Inspiring thoughts from a prominent LDS philosopher and theologian:
“There is no joy in life, it seems to me, except the joy of creation. Creator is a name, an honored name, of Deity, and when God created man, he breathed into him part of his life, the urge to create, to build, to learn, to think, and to take old images and make them new. God has planted deeply in us the need to reproduce, to learn, and to build. When man is creative, he emerges from the prison of his own mind. He is no more a victim of circumstance, of the forces which are pressing upon him from all directions, but through the power of creation he builds his life anew, and the world in which he lives… Too often religion has been taught us and accepted as a conservative force in life, as something which saves man from himself and from his sins. Religion is a conservative and a saving force, but it must be more than that. It is also a dynamic force in life in harmony with man’s urge to create.
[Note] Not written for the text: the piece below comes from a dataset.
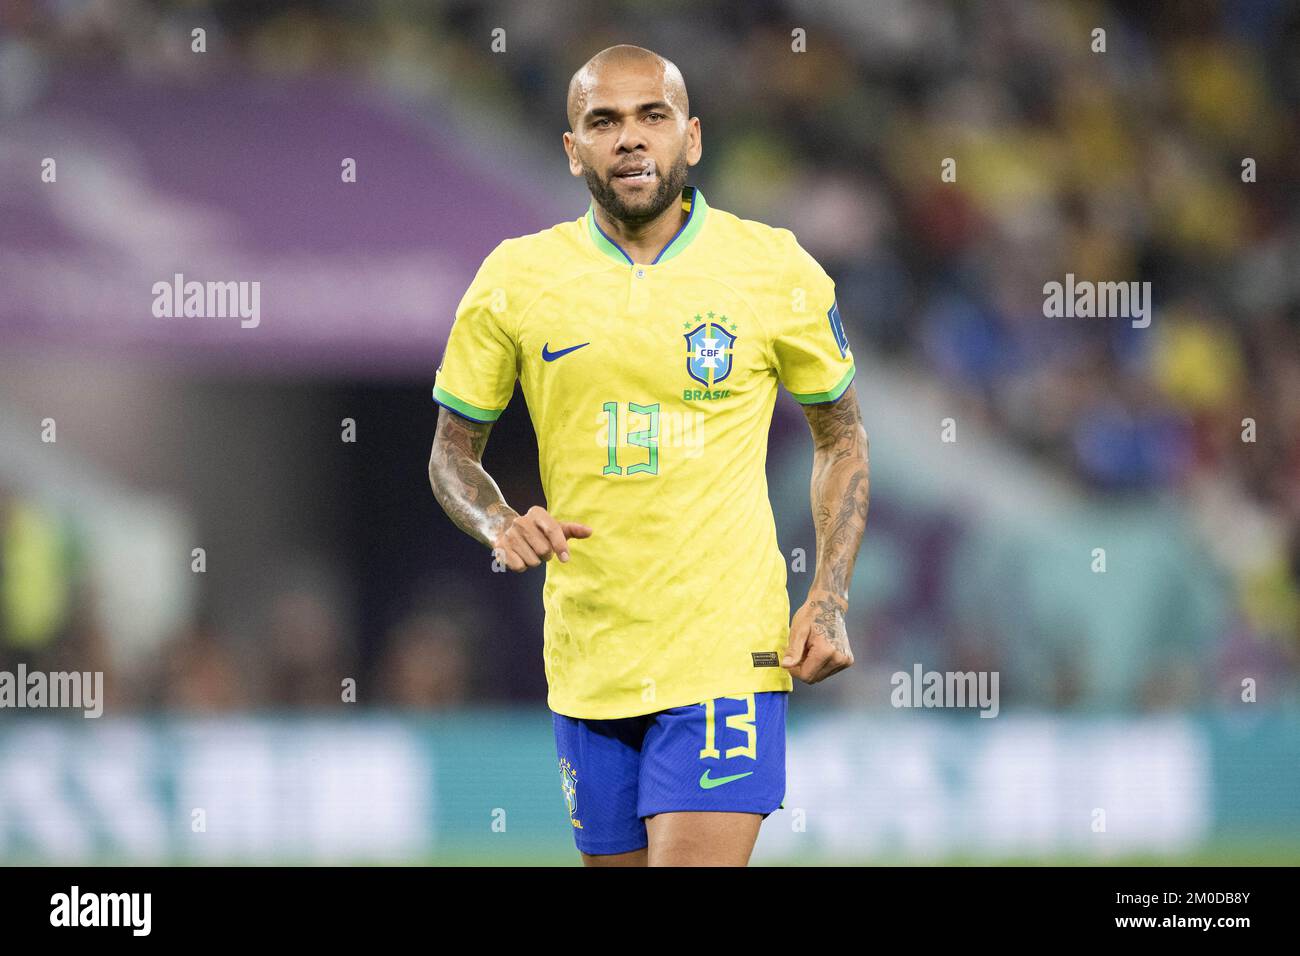 Doha, Qatar. December 05, 2022, Dani Alves of Brazil in action during the FIFA World Cup Qatar 2022 Round of 16 match between Brazil v Korea Republic at Stadium 974, on December 05, 2022 in Doha, Qatar. Photo by David Niviere/ABACAPRESS.COM Stock Photo

“The Prophet Joseph Smith was creative. Everything he touched became a new thing. In him was something of the curiosity of a child, the imagination of an artist, the practical zeal of a reformer, the idealism of a utopian, and the fire of a prophet. His theology is dynamic. He used religion to remake life. He also assigned to each of us a tremendously creative role to play in religion.”
Lowell Bennion, “Joseph Smith: His Creative Role in Religion,” in Best of Lowell L. Bennion: Selected Writings 1928-1988 (ed. Eugene England; Deseret Book: Salt Lake City, 1988), 56.